We had previously shown that the toxin in the mantle tissue appears to be a protein with a molecular weight of >10 kDa. Many proteinaceous toxins like abrin, ricin, and botulinum toxin have been reported (Bradberry, Dickers, Rice, Griffiths, & Vale, 2003; Cheng & Henderson, 2011; Garber, 2008; Moshiri, Hamid, & Etemad, 2016). Ricin, a water‐soluble glycoprotein, is absorbed via the blood and lymphatic vessels within 2 hr of ingestion and accumulates in the liver and spleen (Moshiri et al., 2016). The toxin in mantle tissue may likewise be absorbed and accumulated in the liver tissue, although further studies are needed to verify this.
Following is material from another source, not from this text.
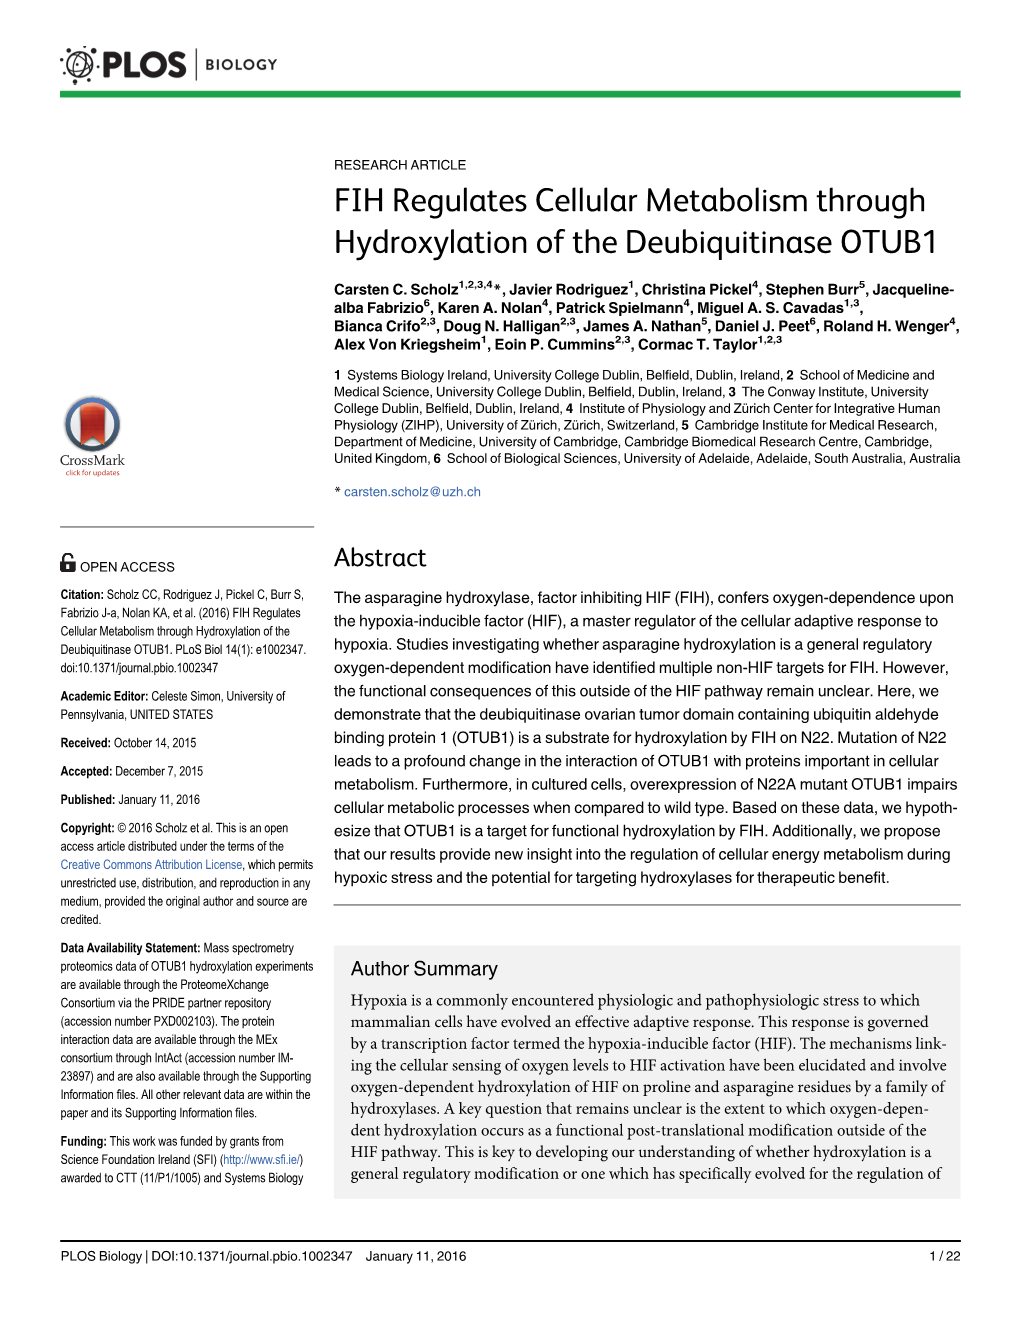 FIH Regulates Cellular Metabolism Through Hydroxylation of the Deubiquitinase OTUB1

We have shown that the intake of a diet containing mantle tissue causes the death of rats and mice. However, it remains unclear whether the indicators of liver injury, such as oxidative stress, ER stress, inflammation, and apoptosis, are essential causes leading to the death of the animals. Future studies should be undertaken to clarify whether inhibitors of oxidative stress, ER stress, inflammation, and apoptosis can suppress the mantle diet‐induced death of rats and mice.

CONCLUSIONS

In summary, we have investigated how liver tissue injuries are caused by the mantle toxin. Our results showed that the mantle toxin caused liver tissue apoptosis through the induction of oxidative stress, ER stress, and inflammation in the organ. Such injuries may be an essential cause leading to the death of the rodents, although further studies are needed to verify this.

CONFLICT OF INTEREST

We certify that there is no conflict of interest with any financial organization.